We plan to run the following OLS regression:
y = 𝛿T + 𝜃S + 𝛽X + 𝜀
where:
y is the outcome
T = 1 for students assigned to treatment and is 0 for spillover and pure controls
S is a vector of spillover variables, discussed below
X is a vector of baseline covariates (school and pupil level) selected via a double lasso method, plus fixed effects for the cohort
For the ITT we are interested in 𝛿. As mentioned, we will also estimate the TOT estimate, using T as an instrument for treated.
HETEROGENEITY ANALYSIS
Our main heterogeneity analysis will look at impacts by baseline criminal recruitment risk level. We will use baseline self-reported risk and a set of risk factors (all other baseline survey and baseline school variables) to train a predictive model to develop a measure of predicted recruitment risk. We will estimate treatment heterogeneity by interacting treatment status with an indicator of “moderate” recruitment risk (as opposed to “high” risk). We expect this to be an indicator of being below-median predicted risk within the experimental sample. We will also explore alternative subgroups/specifications as supplemental analyses.
ESTIMATION OF SPILLOVERS
Spillovers are a secondary analysis partly because we probably do not have the statistical power to detect all but relatively large spillovers (see power analysis below). What’s more, there may be countervailing effects that reduce estimated spillovers on net. On the one hand, positive informational and behavioral spillovers could improve school dropout, criminal engagement, and gang entry. On the other hand, if demand for labor in the gangs is relatively inelastic, then this could result in negative spillovers to criminal careers and gang membership.
There are several options for improving statistical power and disentangling these countervailing effects. One is to take advantage of the fact that we have partial social network data for surveyed students (up to 10 friends in the school, a subset of whom would have answered our survey and also be eligible for the experimental sample based on risk). The other is to take advantage of the fact that we will have administrative data (such as school dropout, and eventually arrest data) on all classmates, including the lower risk students and the students who did not answer the survey. Finally, there will be random variation in the degree to which the number of friends are treated.

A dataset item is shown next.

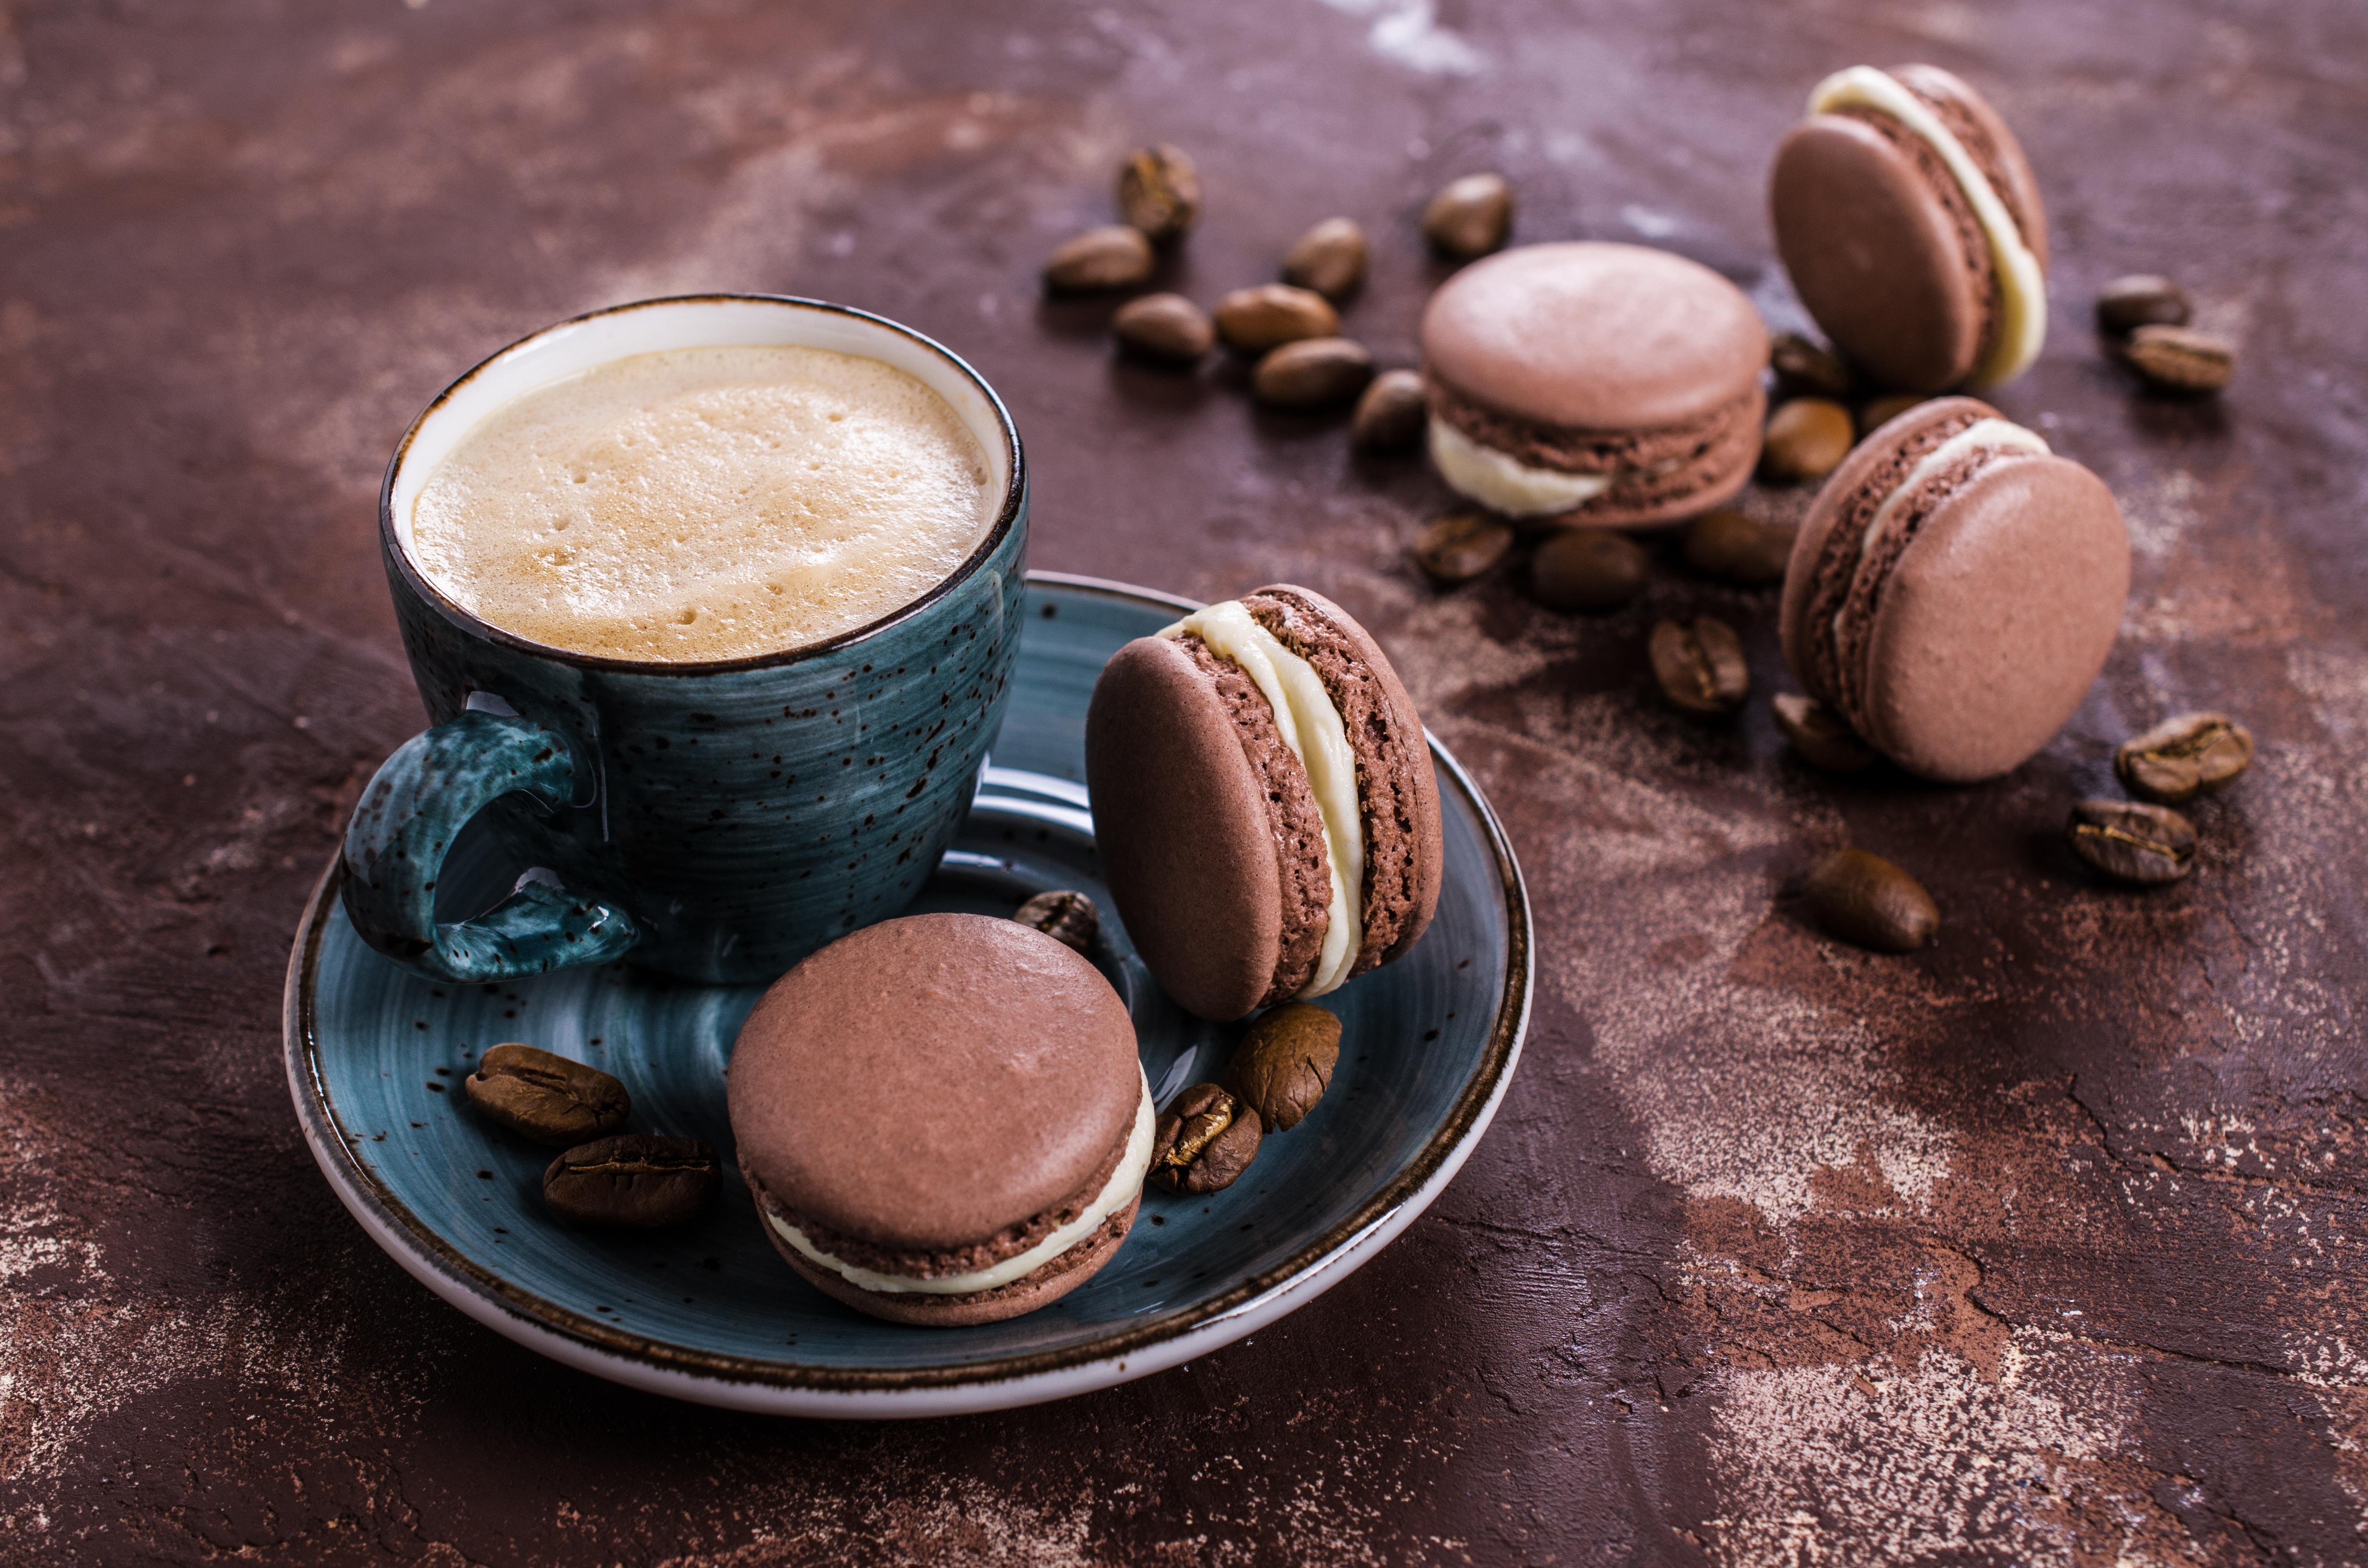 кофе со сладостями  № 140298 загрузить

Thus we expect the vector S to include:
An indicator for the spillover condition
A measure of friends treated
The total number of friends in the experimental sample and the total number of friends they listed in their cohort
Note that the coefficients on #3 are not of substantive interest. As for #2, the number of friends and the proportion of friends treated should yield substantively the same coefficient. We can also use an indicator for any friends treated. Since, for cohort 1, the majority of the experimental sample have only 1 friend treated, this indicator should yield qualitatively similar results to the proportion, and if so, is more easily interpreted. But the default would be to use the proportion for accuracy, especially if the results are not qualitatively the same.
We will consider alternate specifications. Note that our primary estimate of interest, the direct treatment effect 𝛿, should not be significantly affected by the specific vector of spillover variables used.
We will calculate spillover effects first within the “core” experimental sample, but also within the broader sample. The core sample of 1,476 excludes pupils in the same classrooms who were designated “low risk”, or who did not complete the risk assessment survey. A broader experimental sample would include them, along with indicators for each of these strata.